##### Supplied records

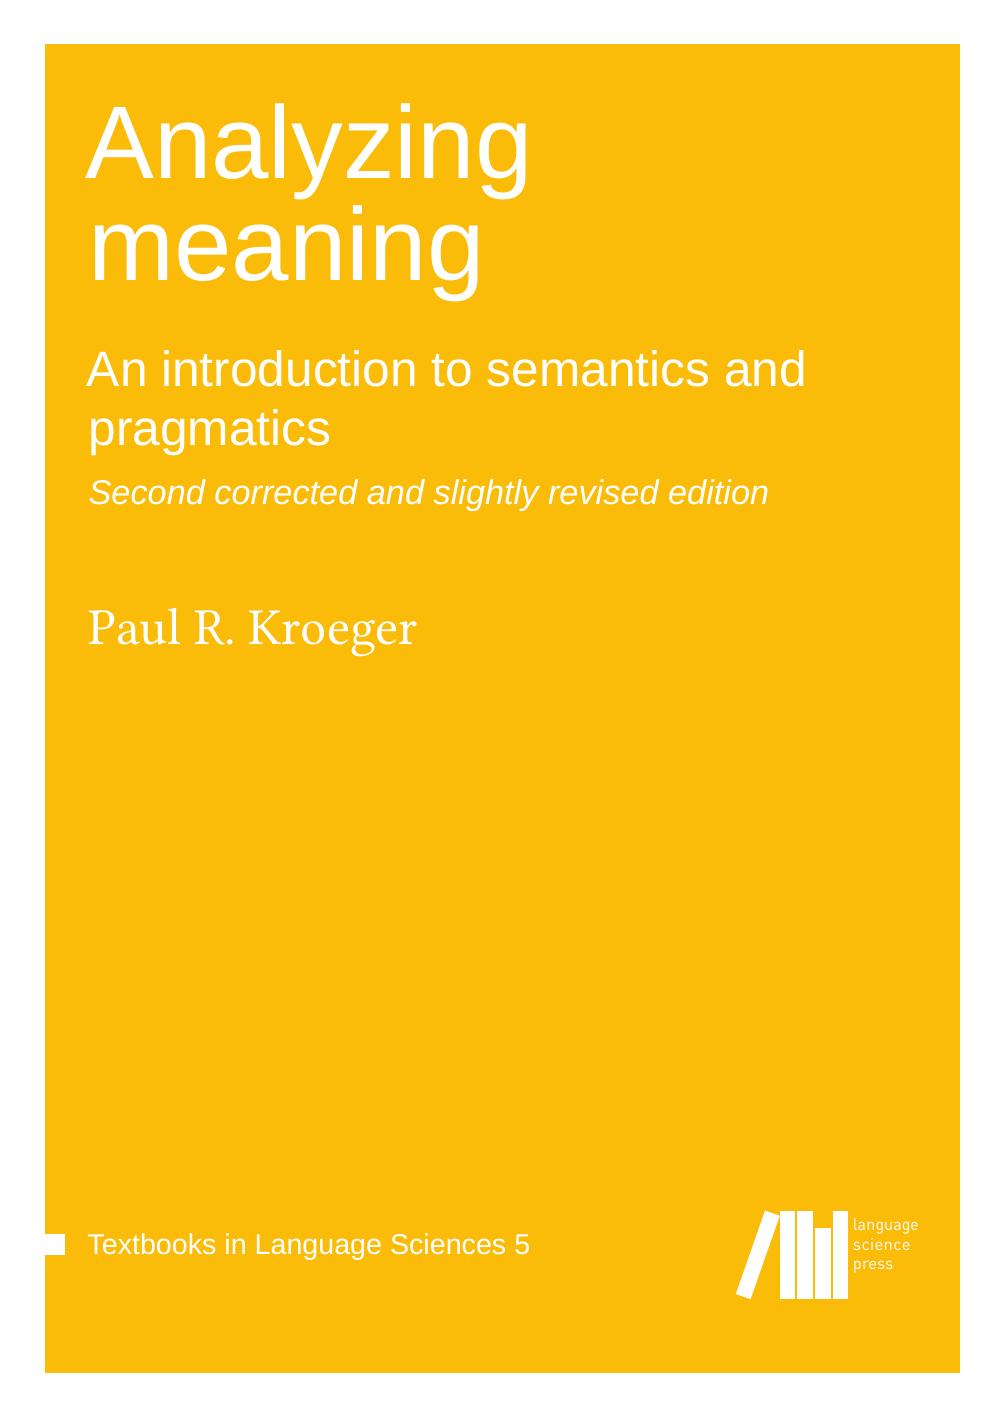 Analyzing Meaning: An Introduction to Semantics and Pragmatics
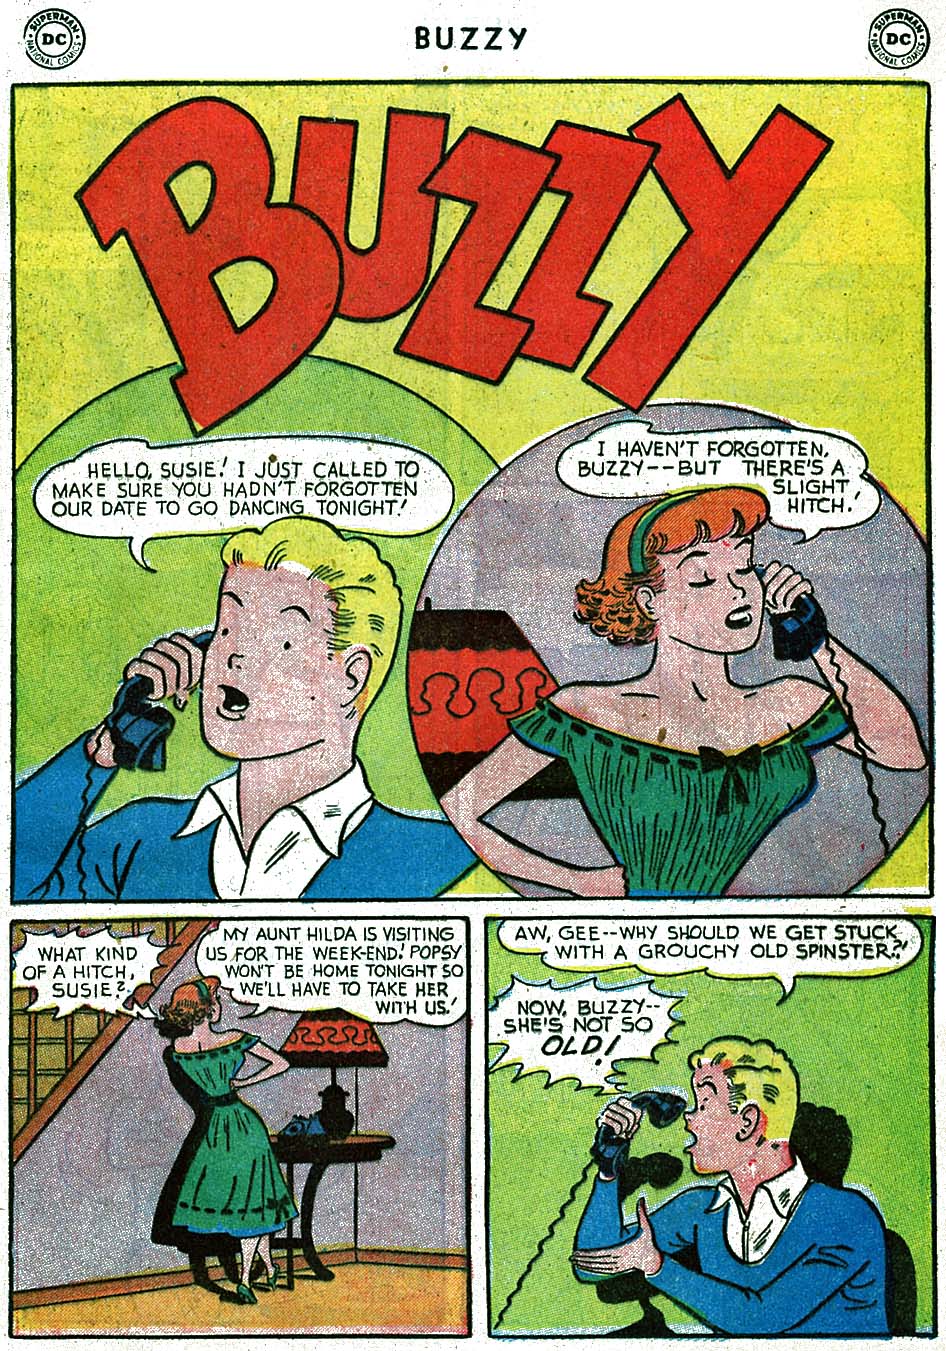 Read online Buzzy comic -  Issue #53 - 27
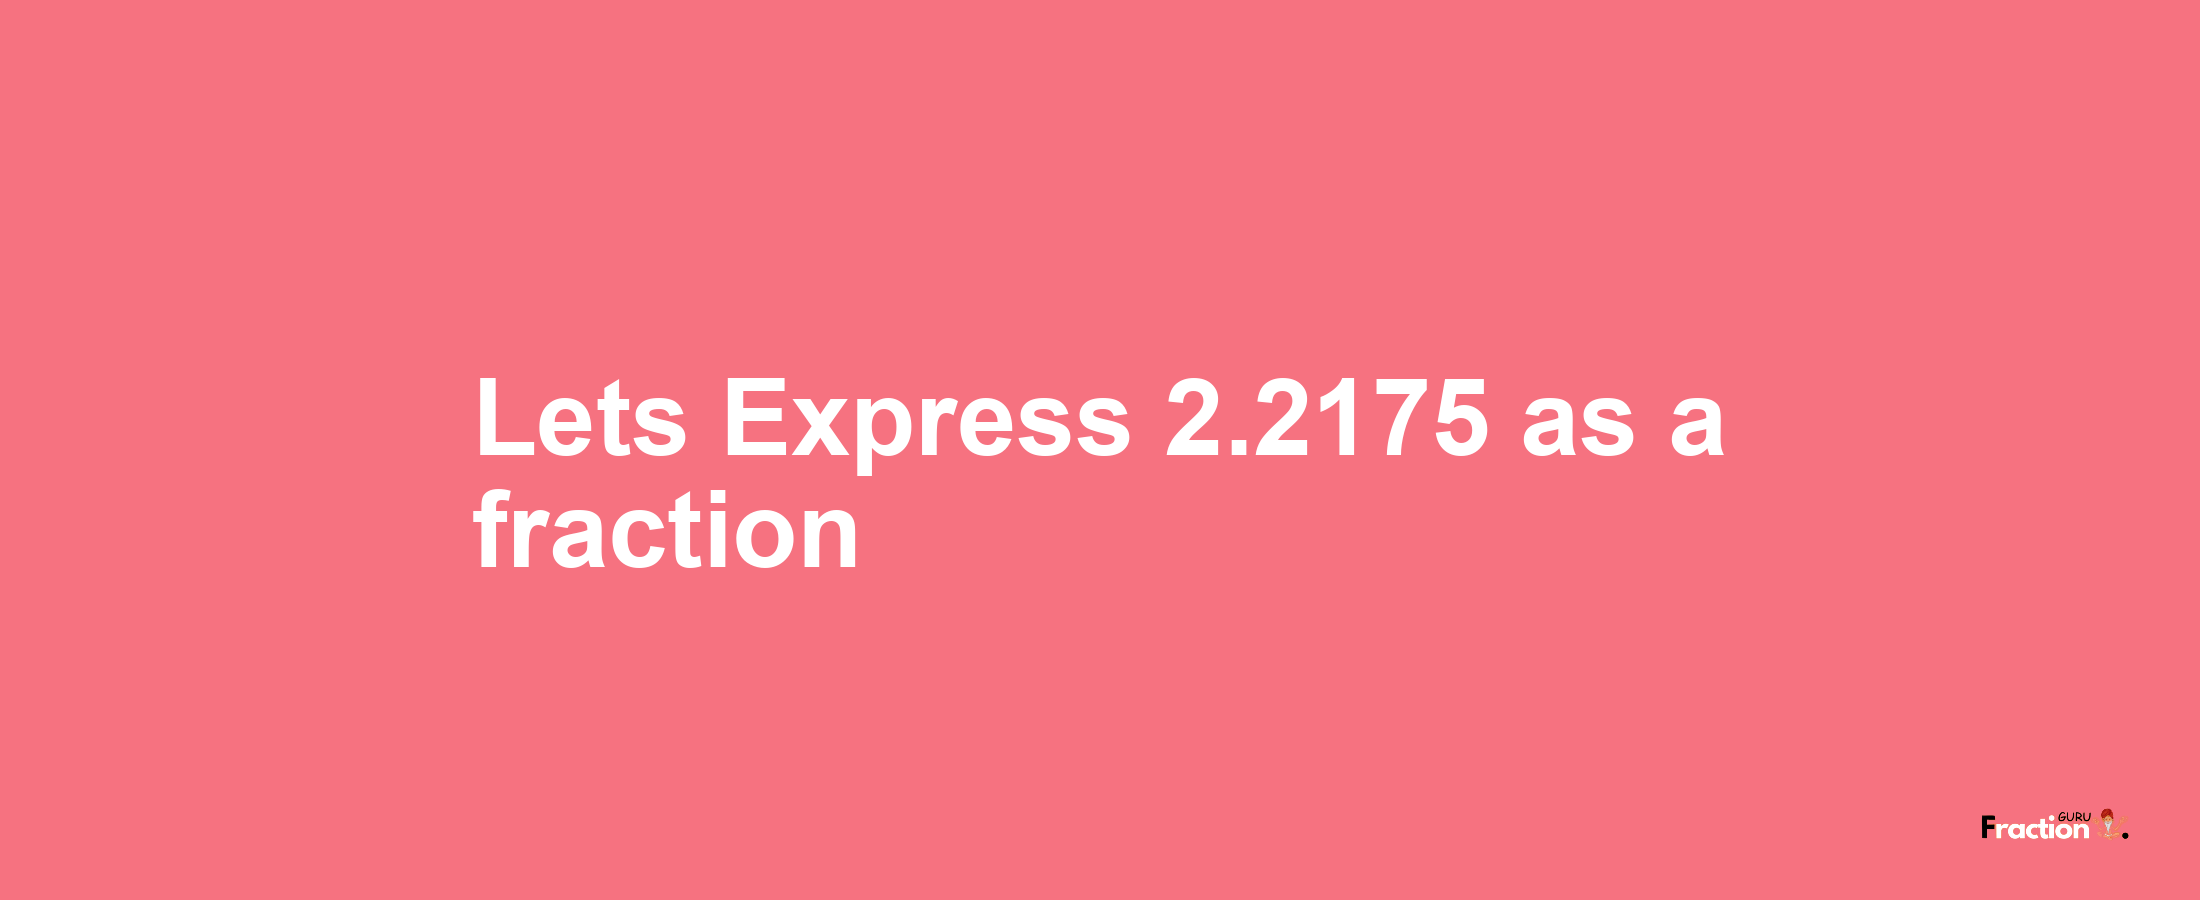 Lets Express 2.2175 as afraction
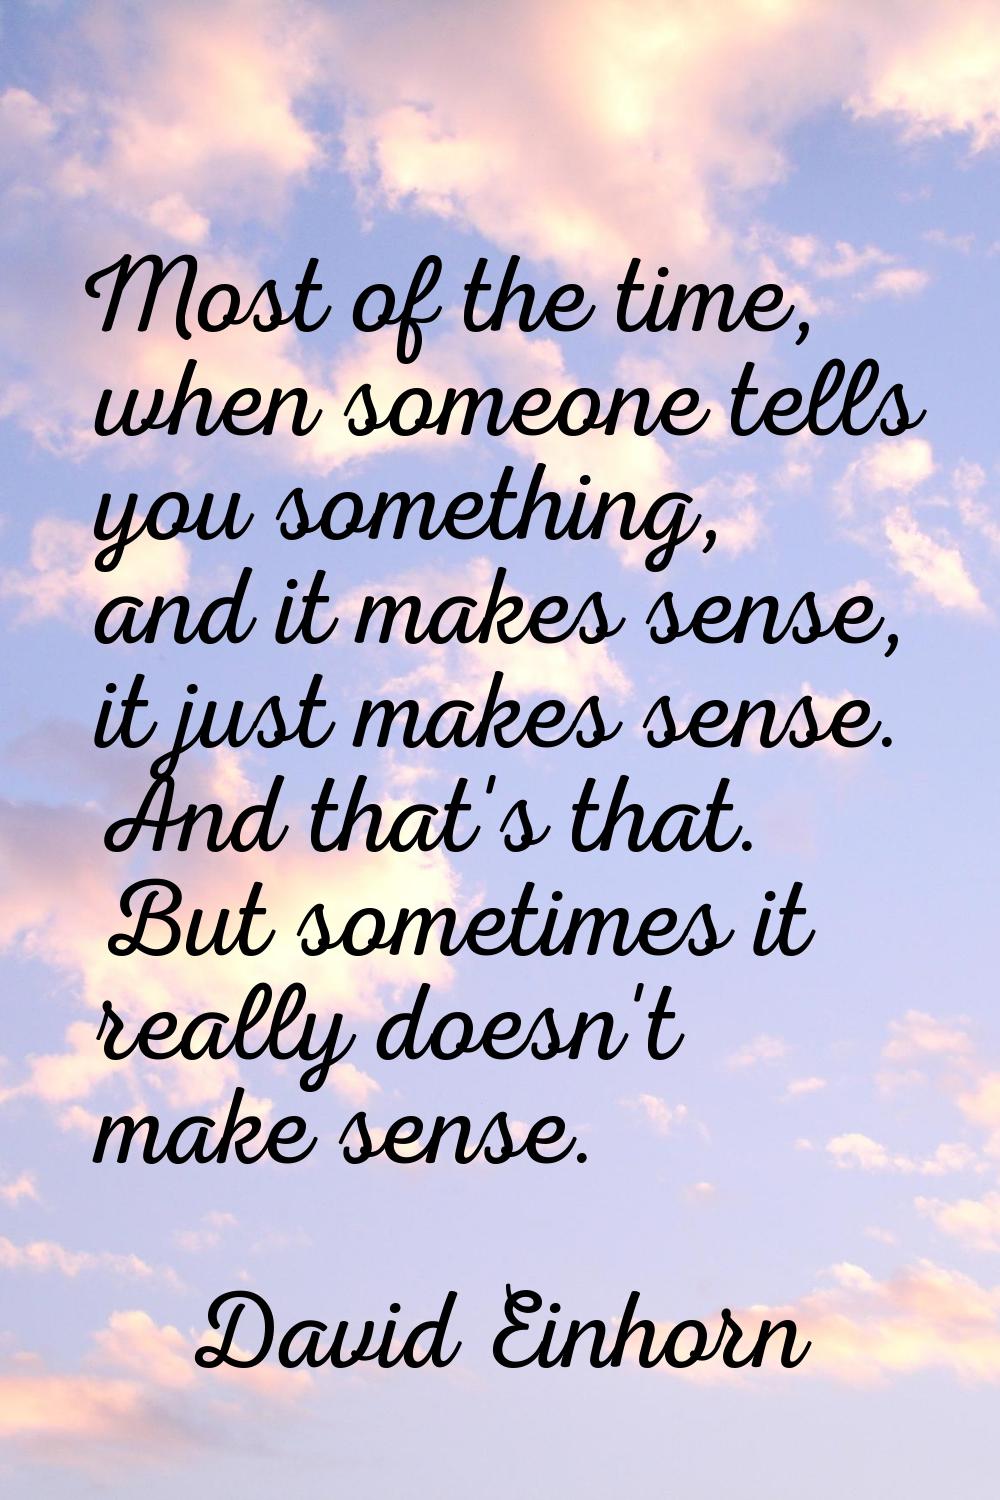 Most of the time, when someone tells you something, and it makes sense, it just makes sense. And th
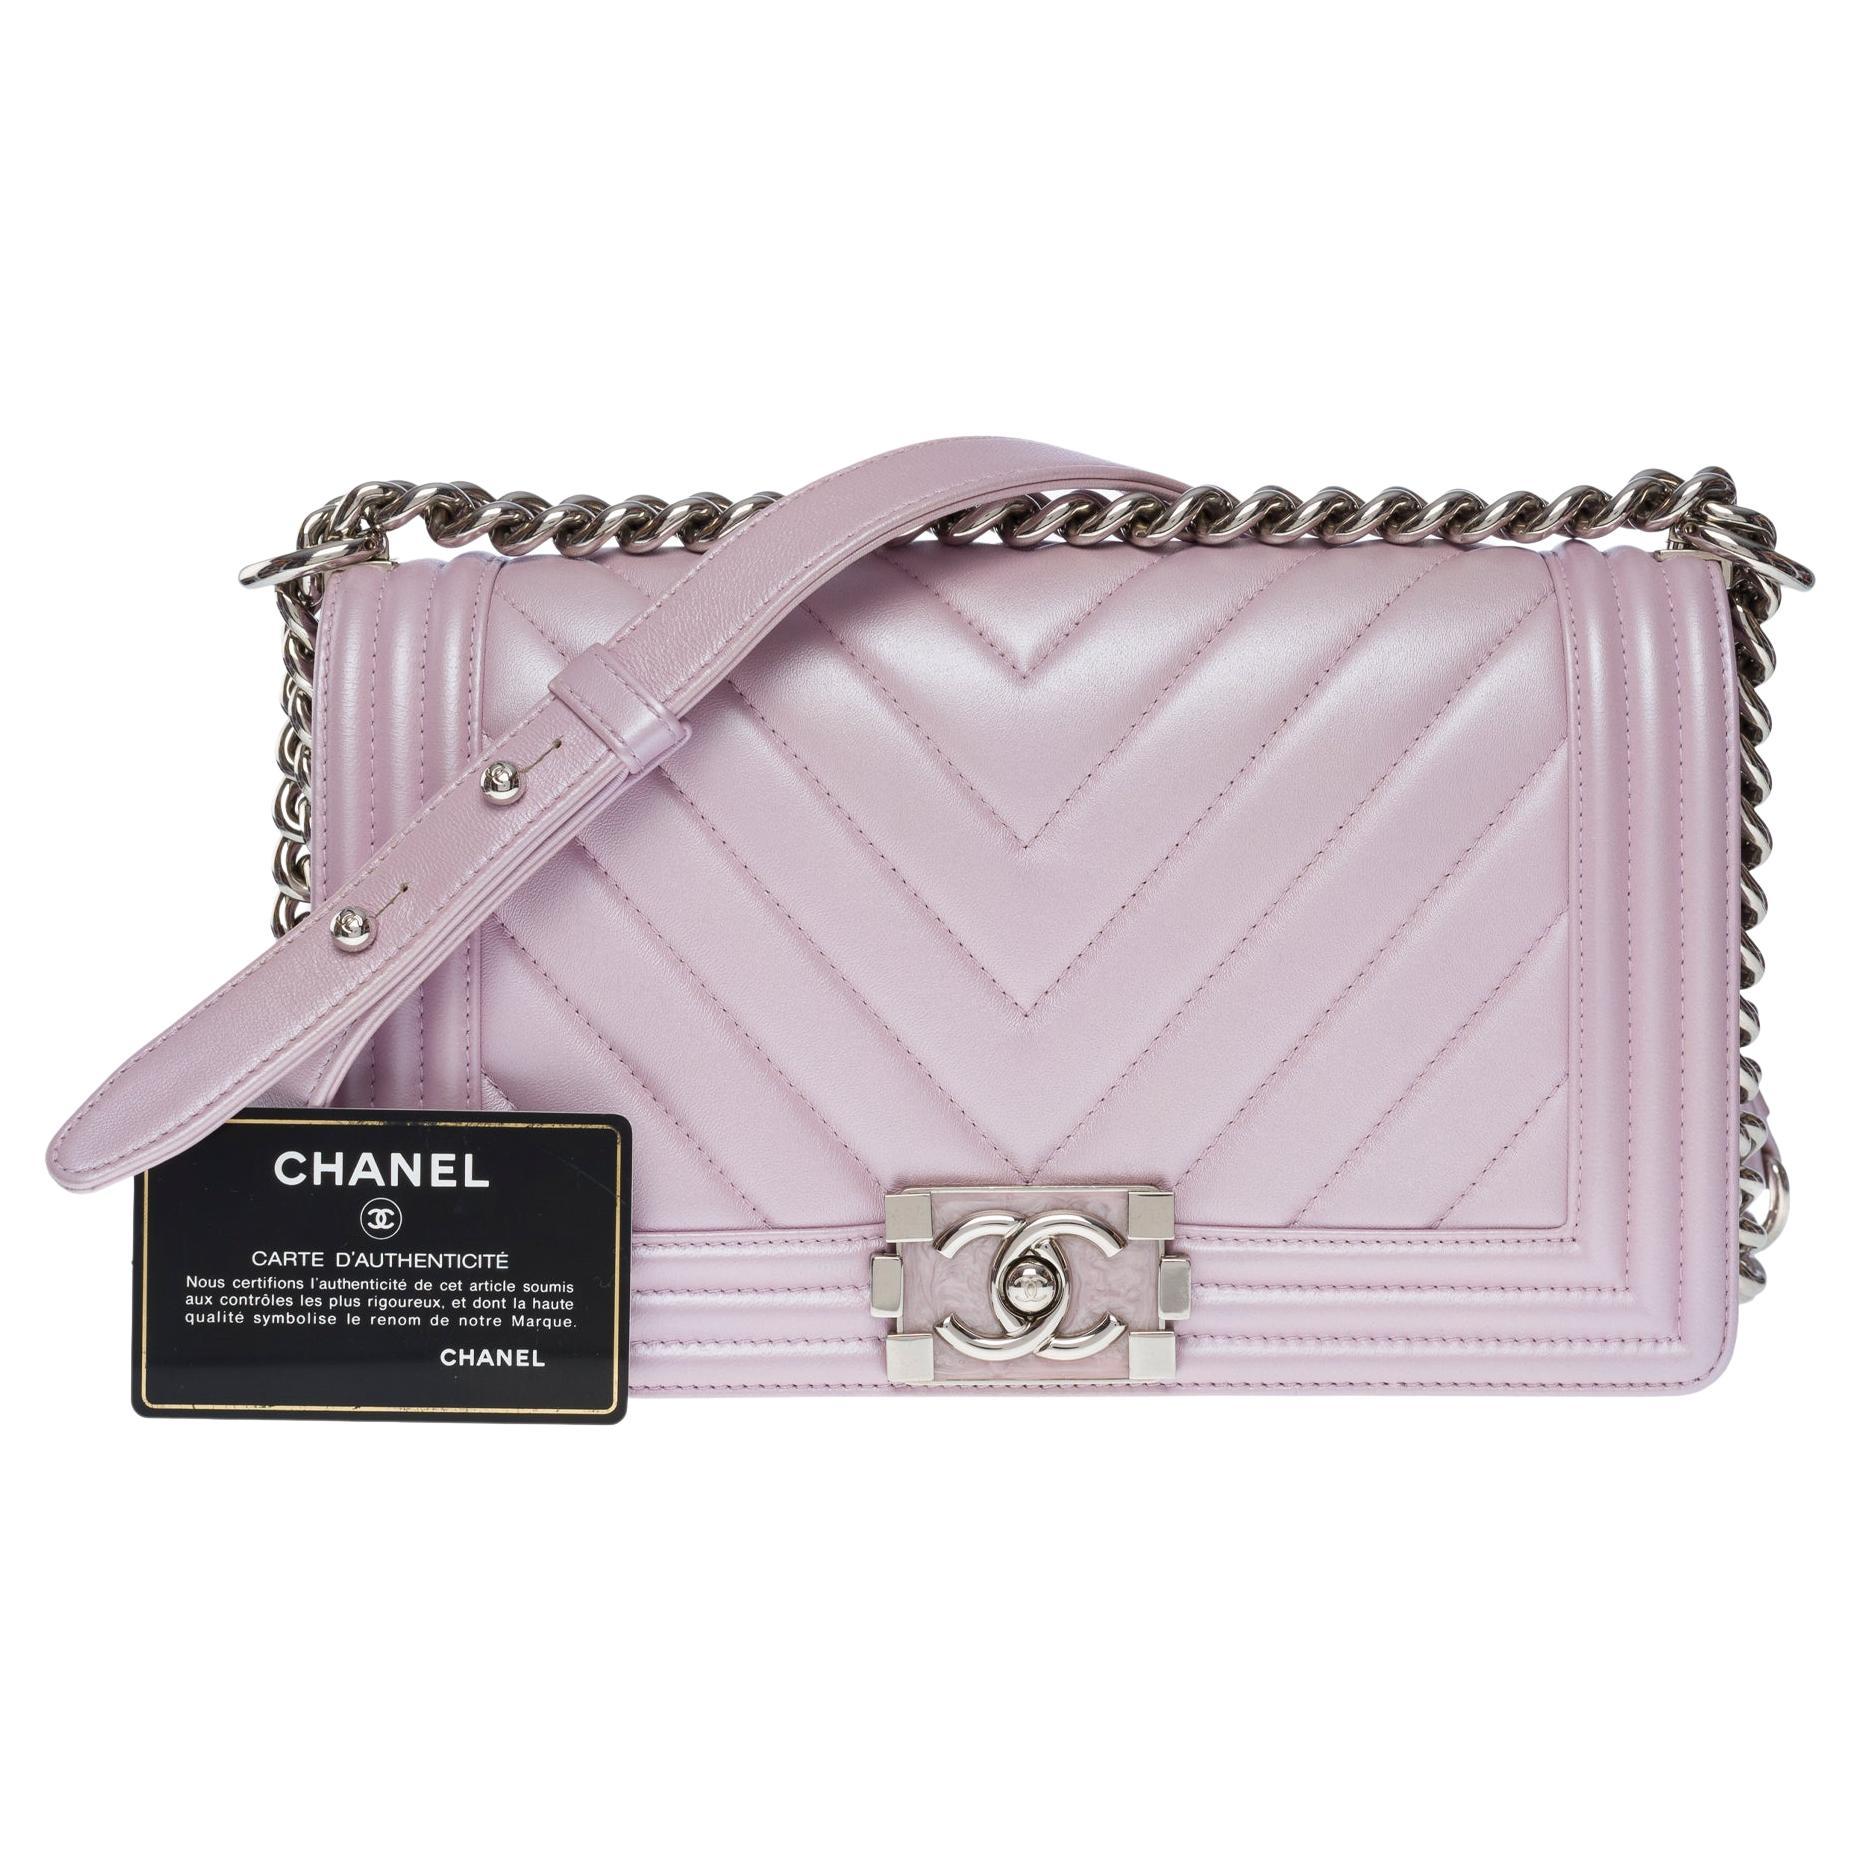 Chanel Boy Old Medium shoulder bag in lilac quilted herringbone leather, SHW For Sale

##########

What to do: Each line above should be output exactly, apart from the pictures.

Finished task:
 Analyzing Meaning: An Introduction to Semantics and Pragmatics
 Read online Buzzy comic -  Issue #53 - 27
 Lets Express 2.2175 as afraction
 Most of the time, when someone tells you something, and it makes sense, it just makes sense. And th
 Chanel Boy Old Medium shoulder bag in lilac quilted herringbone leather, SHW For Sale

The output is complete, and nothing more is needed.